Route, janvier 2015

  

 

 

 UNE AUBE SANS NUAGES

 

 

 

Comme les flambeaux sur la paroi des grottes, les phares font se mouvoir des ombres qui ressemblent à des bêtes (le soleil prendra le relais tout à l’heure). Les écoliers piétinent sur place et mordent le bout de leurs gants, dont ils gardent le goût amer à la bouche. Quelque chose de grandiose se prépare du côté de Belledonne : une aube sans nuage.

 

Dans les écoles on tente d’apprendre la bonté, le savoir-vivre au moins, la tolérance. On parle de la barbarie qui menace toujours. On se demande que faire.

Je n’en sais rien.

Je pense qu’il faudrait peut-être apprendre à regarder en grand, à regarder directement l’aube sans nuage et la lune au-dessus des crêtes. Il y a là une possibilité de grandeur encore vierge. On n’a jamais tué qui que ce soit au nom de l’aube, de la lune ou de cette haie orange sombre des saules têtards que je viens une fois encore de laisser derrière moi et qui est, ce matin, particulièrement colorée. 

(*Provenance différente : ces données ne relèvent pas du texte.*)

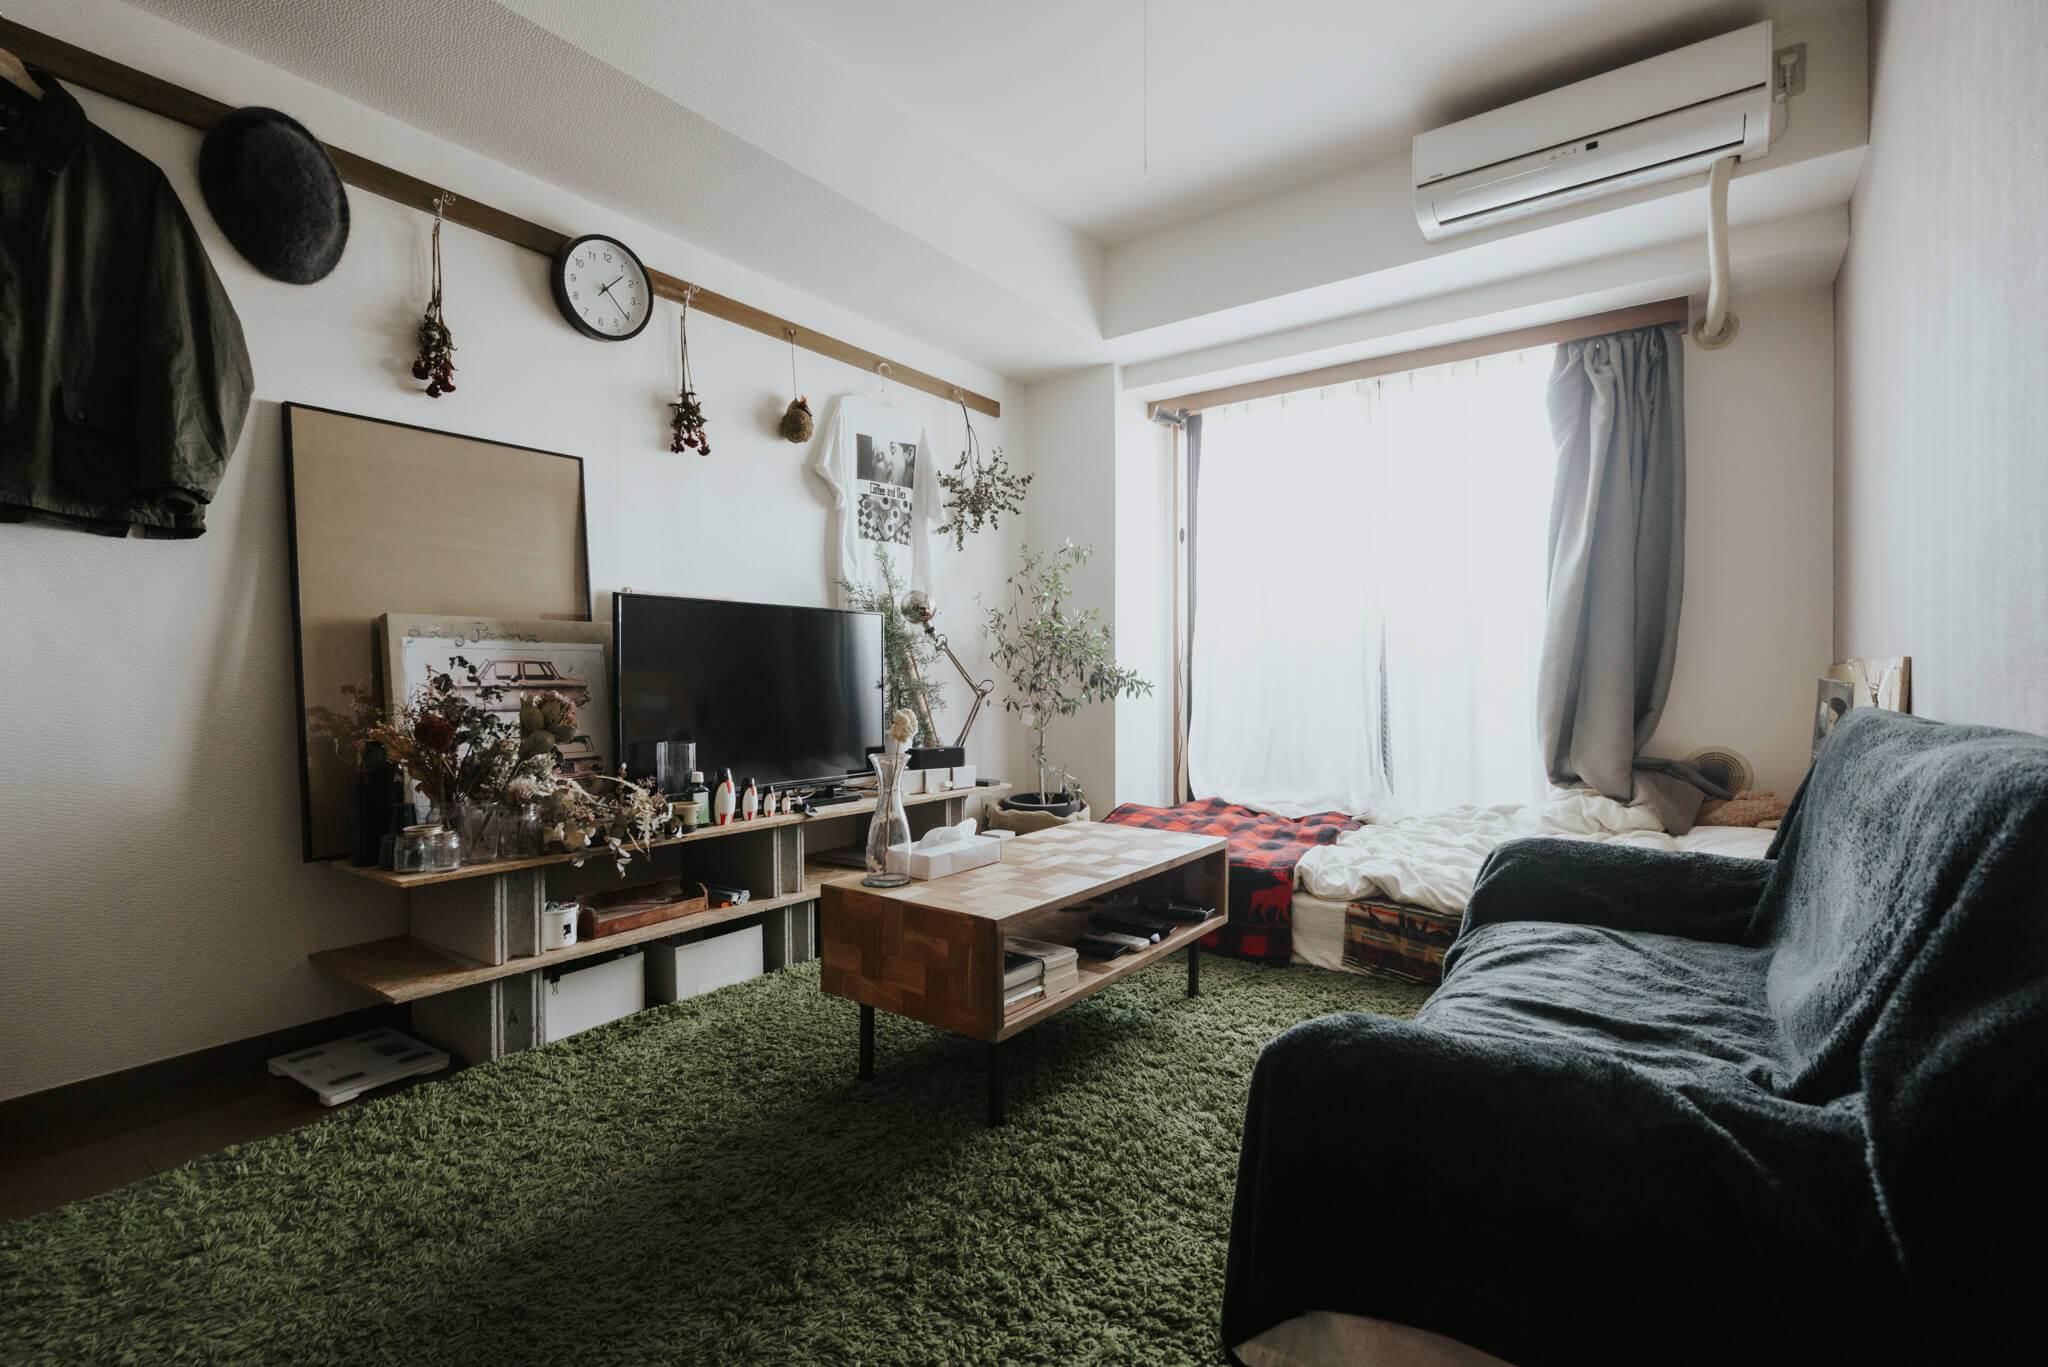 中富さんのお部屋は、低いベッドに対して大きめソファを直角に配置。ソファに座ったときに視界に入るテレビボードに好きなものを凝縮しています。

(Avec cette mauvaise volonté, ce besoin puéril d’identités étroitement définies et cet art de la crispation qui sont une des caractéristiques manifestes de l’être humain, je suis malheureusement sûr qu’on pourrait y arriver; on arriverait à faire de la montagne, du soleil, de la lune, de l’aube et même de ma haie de saules une idée séparée du reste au nom de laquelle on pourrait cracher sur la réalité et finalement trucider son voisin.) 

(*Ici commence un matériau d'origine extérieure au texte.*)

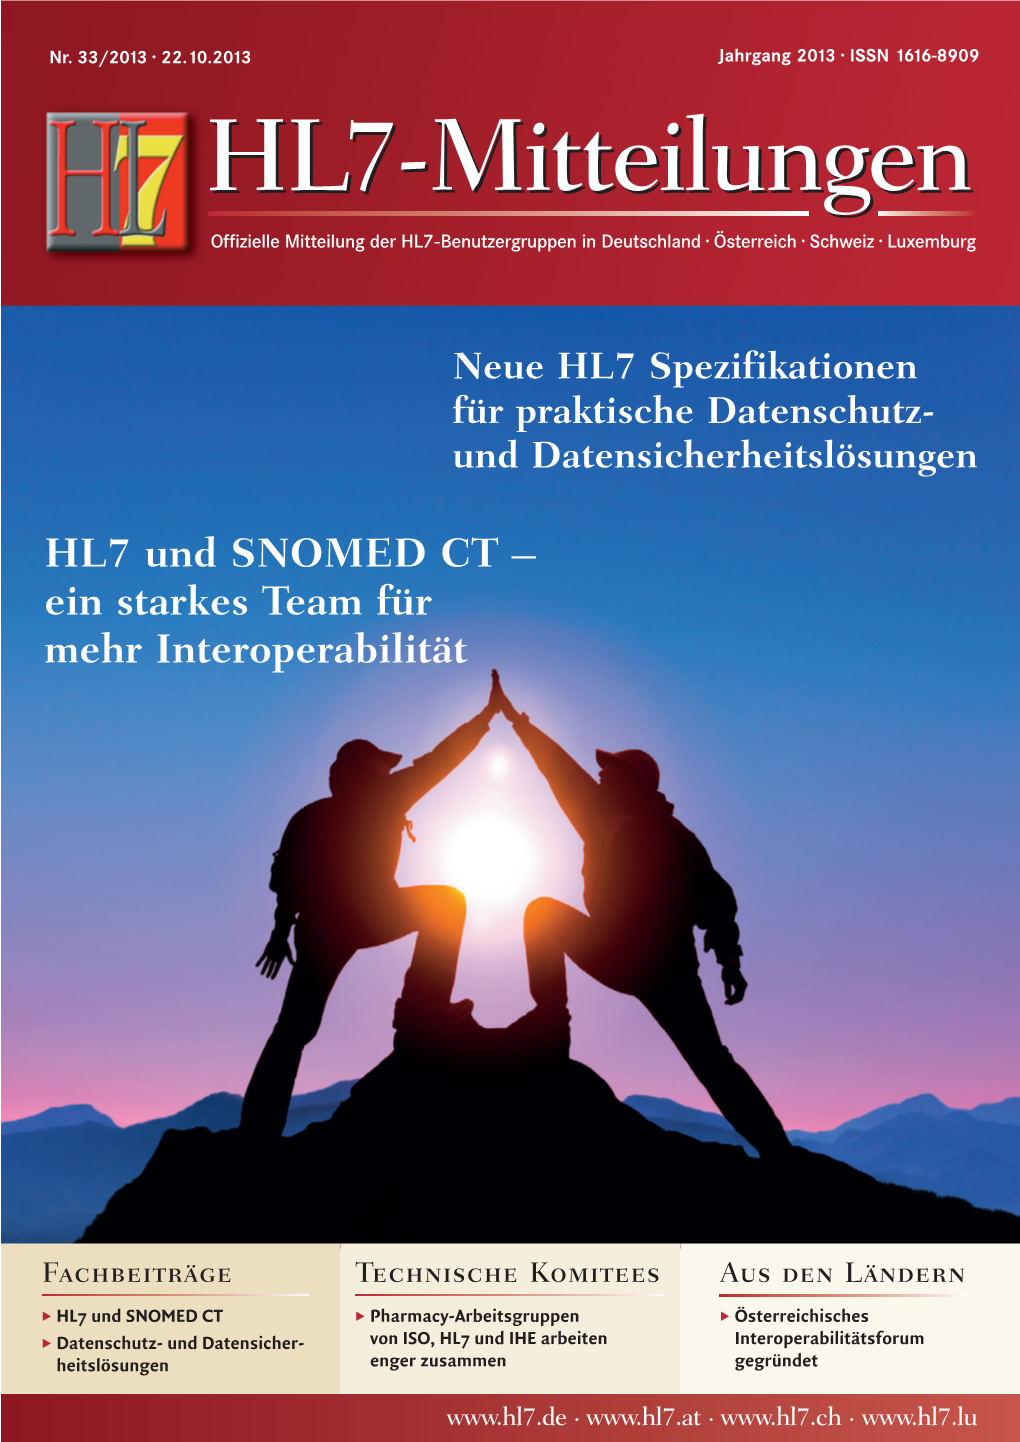 HL7 Mitteilungen 33/2013 (PDF-Download)

Tout de même, les grands noms par lesquels les religions ont désigné le Vaste traînent avec eux trop de sang, trop de larmes. On n’a plus besoin de dogmes, ni d’institutions, ni de traditions qui fatalement se sclérosent, ni de dieux, ni de maîtres, ni de ces grands noms trop souvent répétées, ni même de discours pour dénoncer tout cela. On a besoin d’apprendre à être libre. On a besoin de s’entraîner sérieusement à voir en soi et au-delà de soi. On a besoin de toucher terre. On a besoin de poésie, de musique, de peinture. 

 

La croix du carrefour est, ce matin encore, toute liserée de givre et vraiment élégante. La route est dégagée, la lune brille haut dans le ciel. Entre deux pics l’horizon bleuit et rosit, cependant que la combe reste dans la pénombre, nimbée de givre, ornée par les rares réverbères allumés et quelques pans de brume. 

Le grand chien noir de Lucas Ribeiro, qui marche quant à lui sur le chemin de sa maison, court à travers le champ blanc. 

Tout est très beau, très calme, très froid. Je regarde la lune s’enfoncer derrière la colline de Bramefarine, puis disparaître.

Je sais bien que le monde n’est pas en paix ; mais la corneille perchée au sommet de cet arbre l’ignore et croasse comme hier, comme demain, et comme au premier jour.